[Cryptography] TRNGs as open source design semiconductors
iang
iang at iang.org
Thu Sep 12 17:29:26 EDT 2019
On 11/09/2019 18:45, Ken McCall via cryptography wrote:
> I watch discussions on this list to learn more about cryptography and
> I find it very valuable. However, I am not a cryptographer myself.
> There was recent thread on TRNGs and I'd like to expound it into a
> slightly different tangent, if I may.
>
> It seems to me (at least in the cryptocurrency world) that there is a
> growing desire that hardware become more transparent (as in open
> source) just as software has been. I believe an open source chip could
> radically disrupt the existing TRNG chip market, forcing transparency.
> I’m also assuming this theoretical chip would be certified by one or
> more of the myriad certification authorities that all these
> manufacturers use as proof of their design integrity. Obviously there
> is a case to be made that a TRNG burned into a chip (and open source
> hardware design) results in a fixed attack surface. However, at least
> that attack surface, should it be breached, would be a known entity
> versus the proprietary chips on the market.
The concept of RNs (random numbers) is pretty vexing, and it doesn't
seem to bend to the normal security thinking. Even though an open
source chip might be better, it still presents a supply chain attack and
when it comes to actual production, chip manufacture is anything but
transparent.
Because of issues like this, thinking in RN generation ("true" or
pseudorandom or otherwise) has changed somewhat. In short, RNs should
be primarily directed in software, and the sources or seeds for this
should be diversified out to different producers. If there is a good
hardware source, use it.
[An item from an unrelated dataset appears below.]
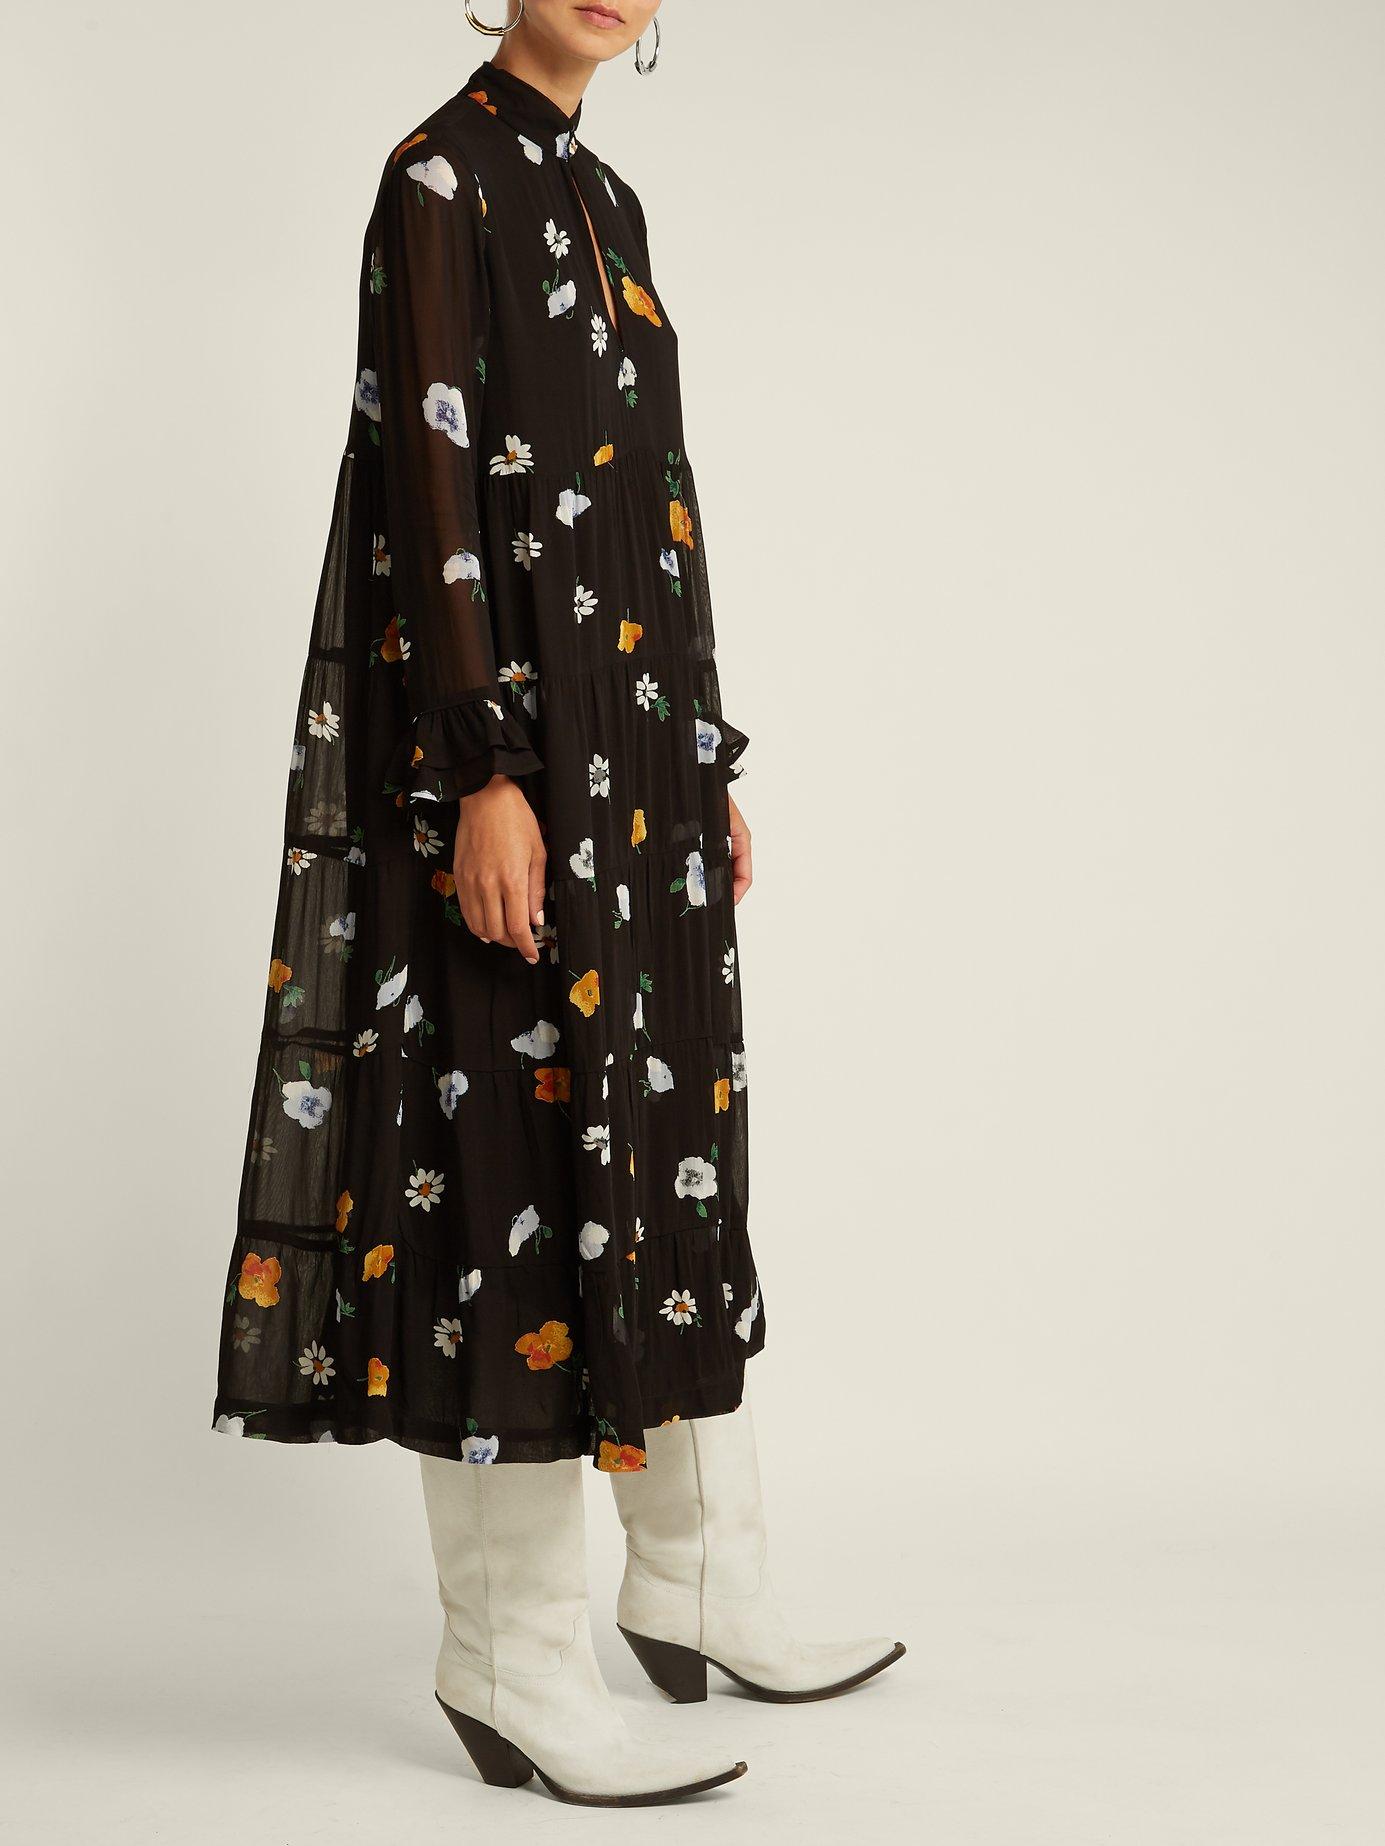 Dainty floral-print crepe-georgette dress by Ganni

If there are several, use them all. The, the
software task reduces to combining/mixing many hopefully independent
sources.
Once that is accepted, the task is now different. In the hardware
sense, we don't care about a perfect TRNG any more, we now care about
many okRNGs, with the emphasis on independent not truethity.
Which leads to the notion that actually, a simple hardware design, or
many designs, could be a good thing. There is no particular reason why
hardware manufacturers couldn't add in a small RNG into the left over
0.1% of chip area.
Then software could XOR them all.
> To my knowledge there are no open source TRNG chips commercially
> available on the market. There are however, discrete component plans
> available, but not widely adopted (http://www.bitbabbler.org/).
Right. So if we have multiple sources into a software mixer, then all
that babbling disappears and any good-enough source becomes good enough.
>
> Also, there was one Crowdsupply failed attempt to create a chip:
> https://www.crowdsupply.com/onchip/open-v/updates/open-true-random-number-generator
>
> So, I wonder:
>
> * Might open source TRNG hardware (as a semiconductor chip) better
> support cryptography in general, or perhaps just for crypto
> currencies? Or, am I completely wrong in this belief, and the
> hardware designs are best left as proprietary?
>
Any source on a chip can support crypto as long as there are more than 1
source, and they get mixed in software. The more the merrier. The
slappier the sloppier, we'll take them all.